An acid wash of the mosaic tiles and grout involves simply applying an acid cleaner to the tiles and grout and then gently scrubbing the grout with a soft scrub pad. Abrasive scrub pads can scratch delicate mosaic tiles and glass tiles can easily be scratched with abrasive scrub pads.. You should see the grout lines get cleaner as the acid reacts with grout and removes many of the stubborn stains in the grout. You should then thoroughly rinse the tiles and grout to remove all traces of the acidic cleaner.
It is a good idea to allow the grout time to thoroughly dry out before dyeing it. Water in the grout can interfere with how the grout dye bonds with the grout. It is a good practice to allow the grout at least 24 hours time after cleaning it before you begin dyeing it. Grout dyes are water based products that will absorb deep into the grout to stain the color of the grout. Any water left in the grout will interfere with the grout dye being absorbed by the grout.
To apply the dye to the grout you can use a small toothbrush. With mosaic tiles it can sometimes make more sense to just pour the dye directly on all of the tiles and grout and use some sort of squeegee to wipe the excess grout dye off of the tiles. Pouring the dye directly on the tiles and grout will sometimes allow too much of the grout dye to accumulate in the grout lines giving the grout lines an unnatural painted on look. It is usually better to do the tedious task of applying the dye to each individual grout line. This will give you the most natural looking grout that retains the natural texture and look of the grout.
After you have dyed a section of grout then you need to remove the excess dye from the surface of the tiles. A soft, damp microfiber or chamois cloth works well to remove the excess dye from the tile surfaces. After the cloth has become saturated with dye then rinse it in a bucket of lukewarm water and continue wiping off the tiles.
A hazy film will develop on the tiles and become noticeable especially on glass mosaic tiles. This hazy film will be removed later after you have dyed all of the grout lines. Only dye enough of the grout lines so that you will have time to remove the excess dye before it hardens on the surface of the tiles. If you try to dye large sections of grout then removing the hardened grout dye will become extremely difficult.
Cleaning the hazy dye film off the tile surfaces is the final step in the process. This hazy film can easily be removed with a soft, damp cotton towel or microfiber cloth.
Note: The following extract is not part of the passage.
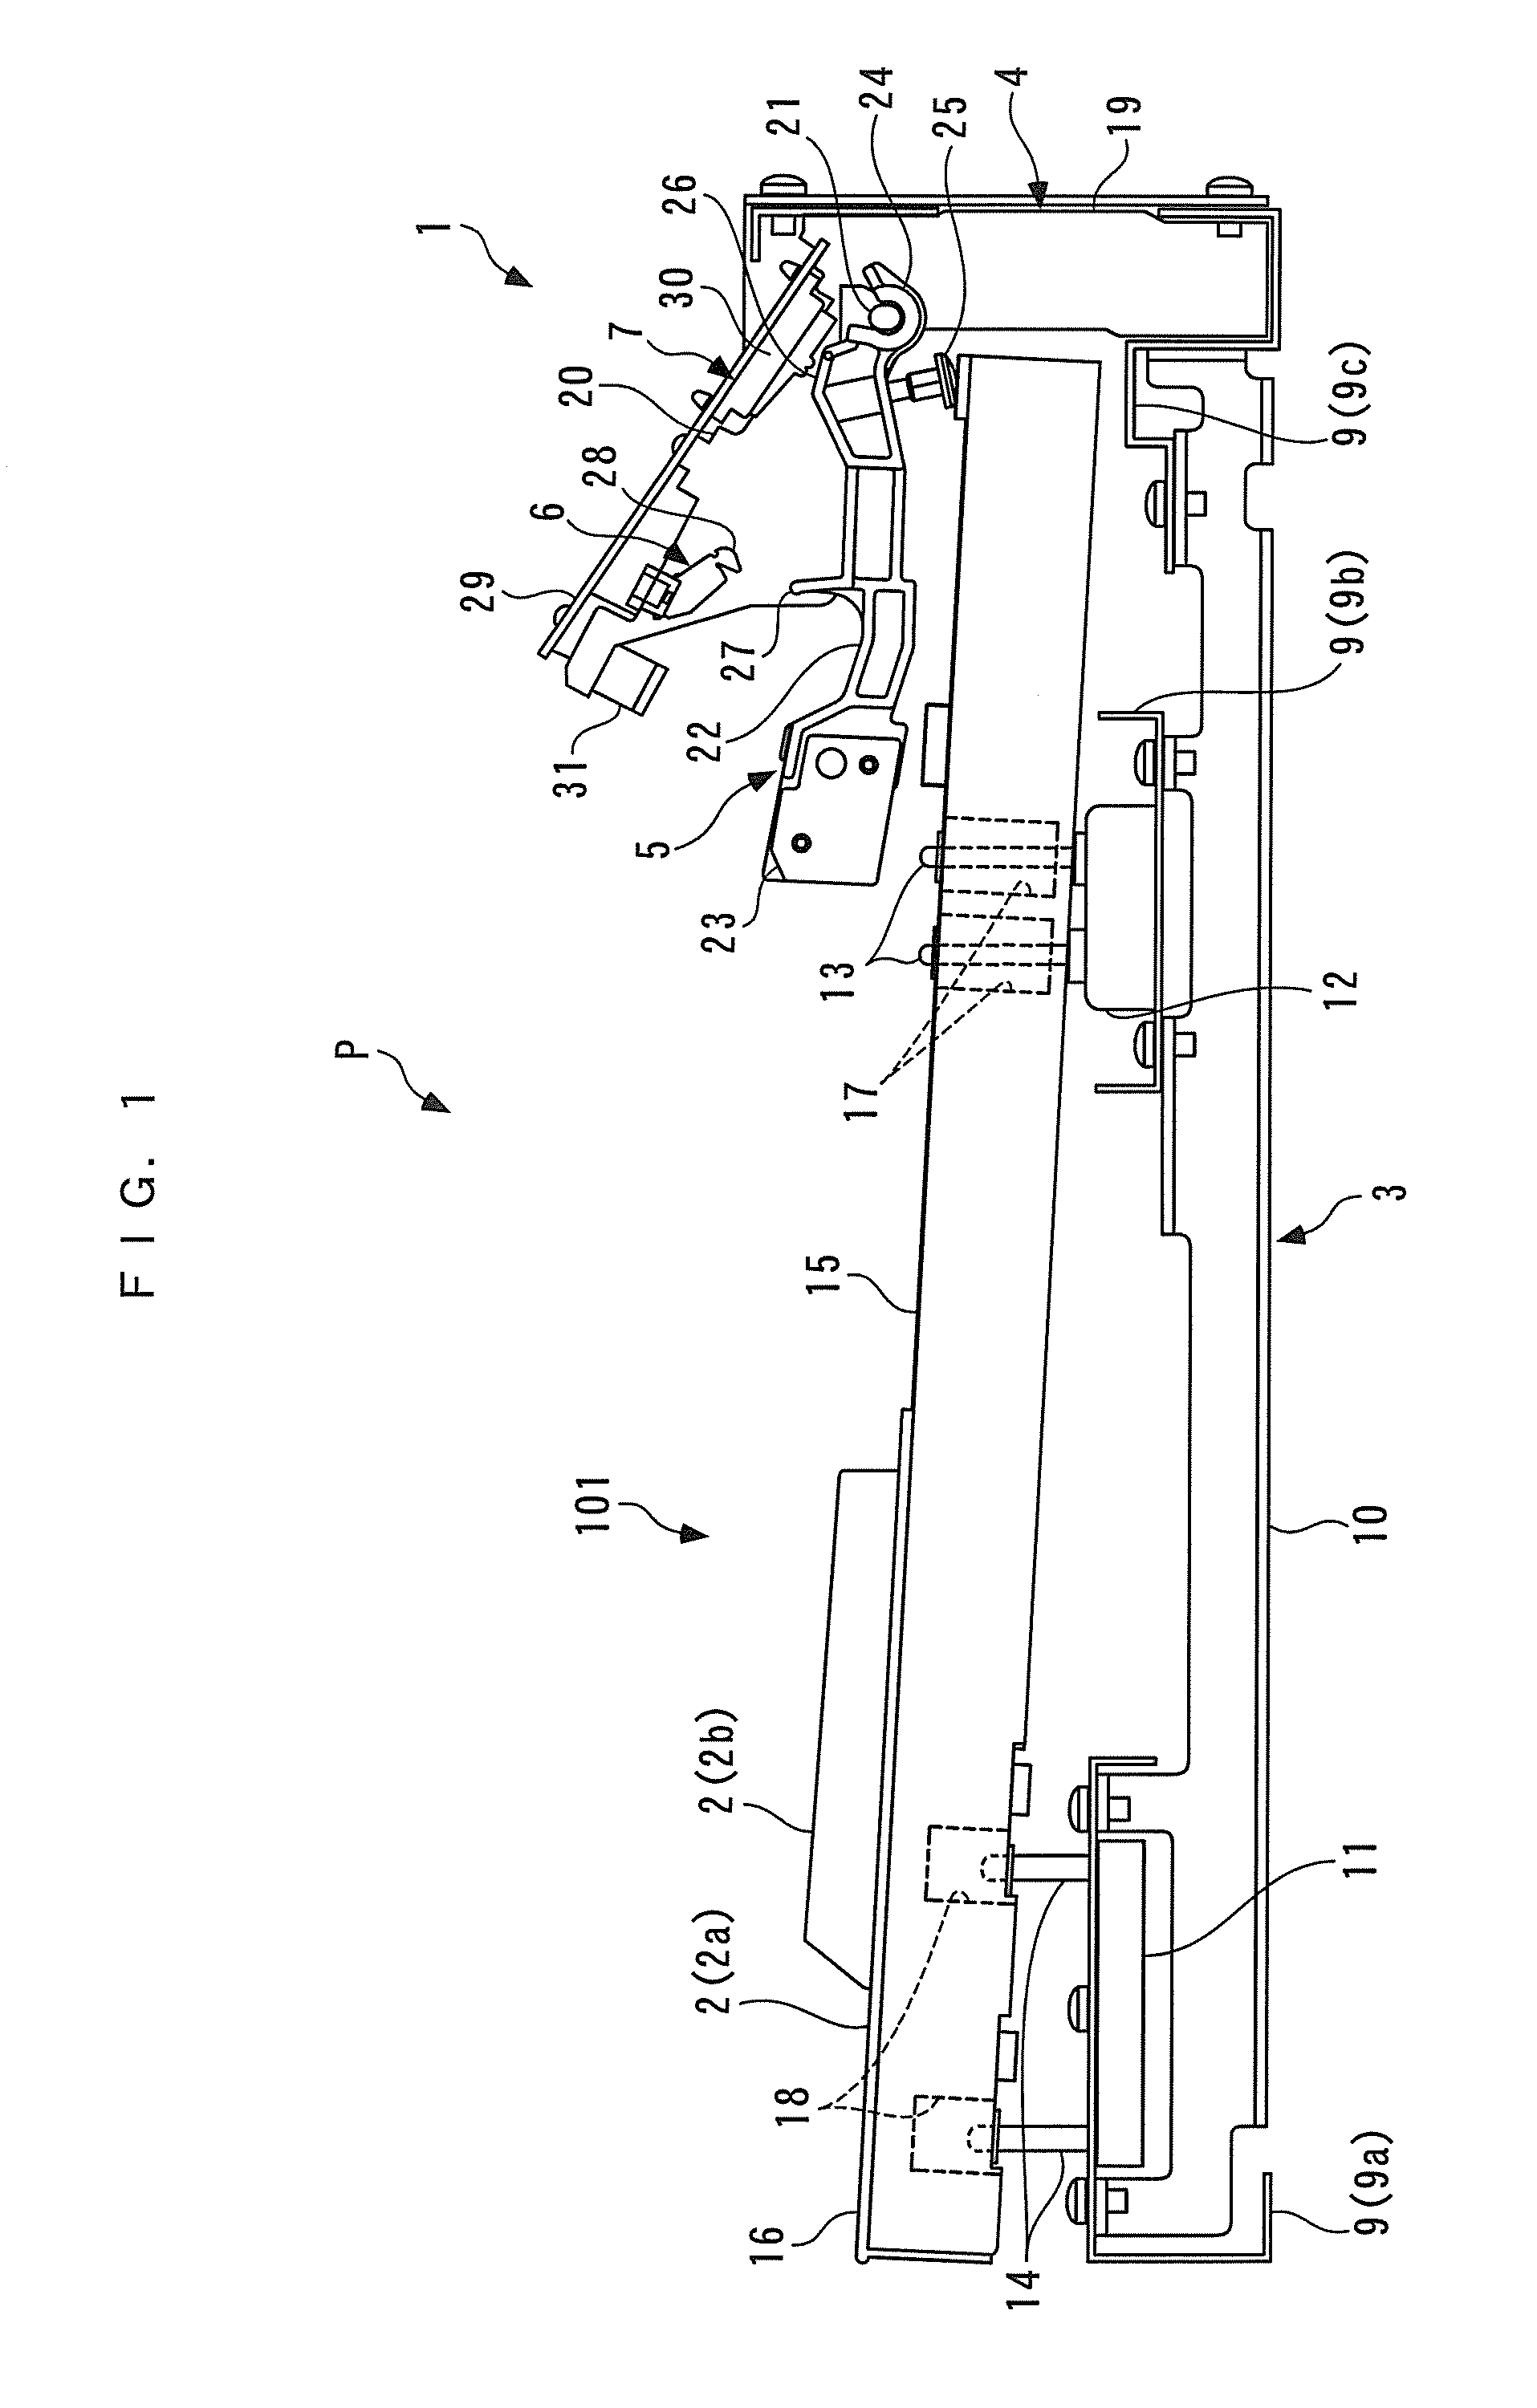 Hammer device and keyboard device for electronic keyboard instrument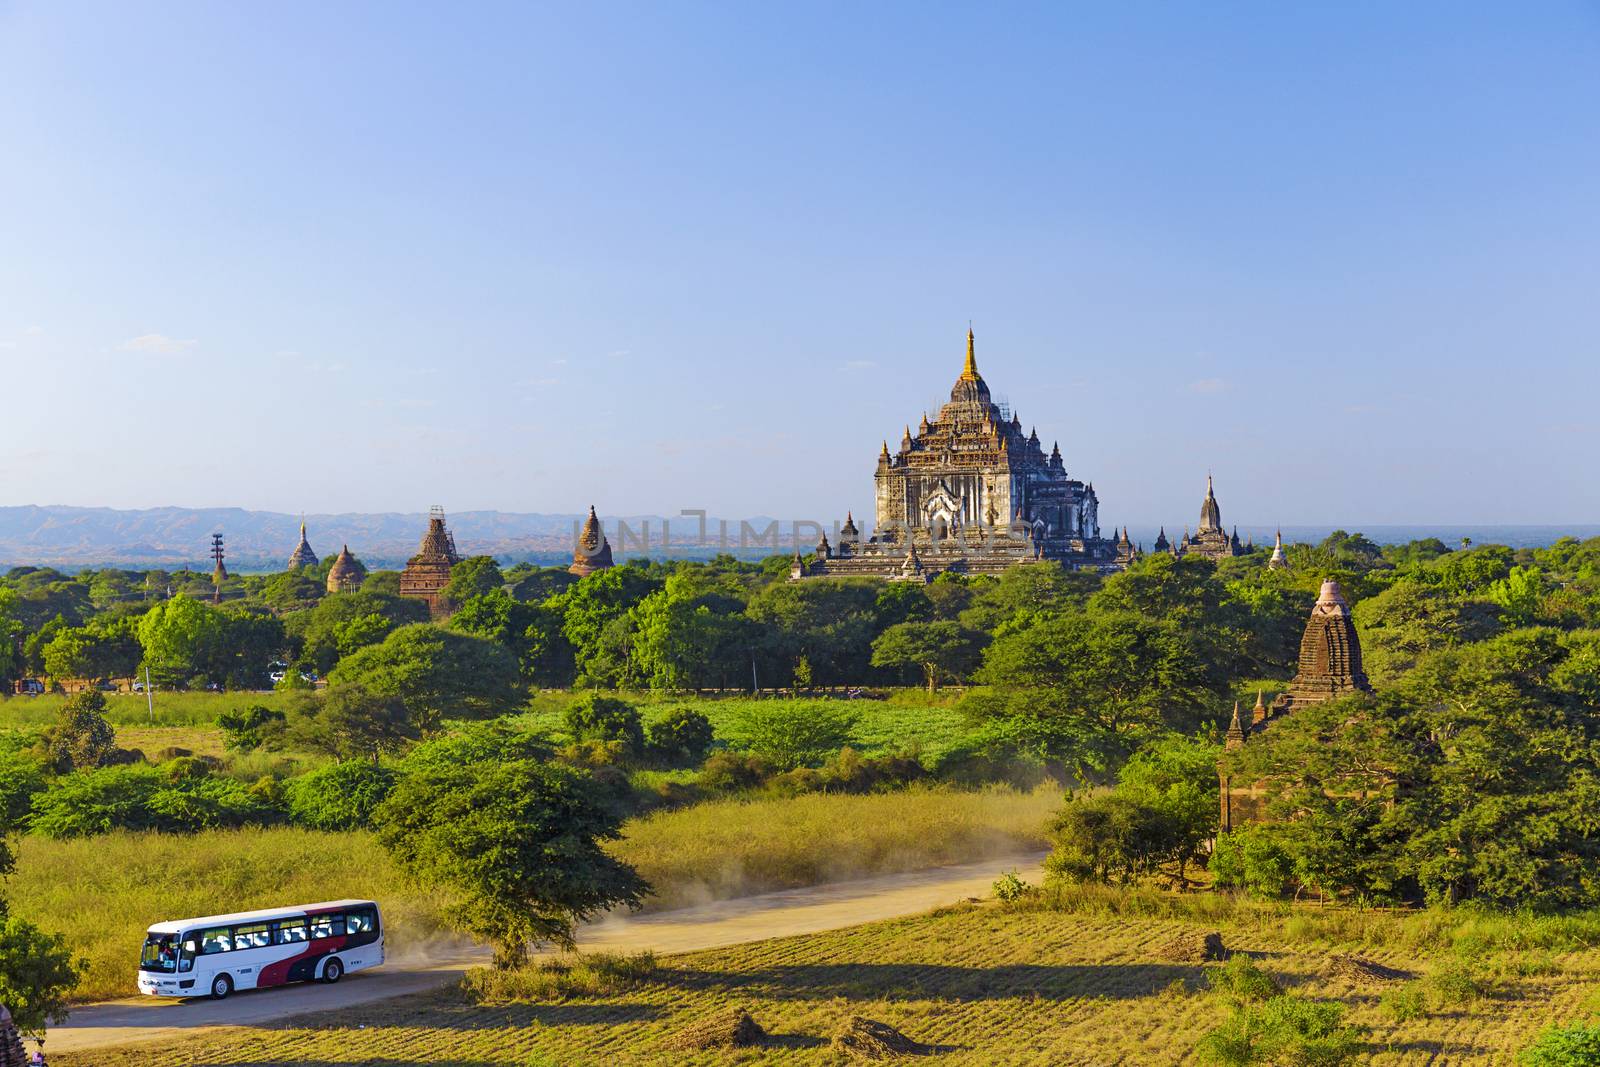 Bagan buddha tower at day , famous place in Myanmar/ Burma

You should gently wipe the tiles to remove all traces of the haze. With glass mosaic tiles even the slightest haze can be visible on the tiles. You can use a small amount of a non ammonia glass cleaner on your cotton towel to help remove stubborn traces of grout dye on the tiles.
You should allow the dye at least 24 hours to fully cure before using the tiles. You should never have to seal the grout after it has been dyed. The grout dye will soak into the grout and seal the grout to keep dirt and stains from being absorbed by the grout. Any types of dirt or spills can simply be wiped away with a soft damp cotton wash cloth.
Aggressive cleaning products should never be used on dyed grout. A gentle Ph neutral tile and grout cleaning product and a soft scrub pad can be used periodically to remove any stubborn dried on dirt and stains on the tiles and grout. If properly cleaned and cared for the dyed grout will stay looking clean and new for at least 5-10 years and maybe more.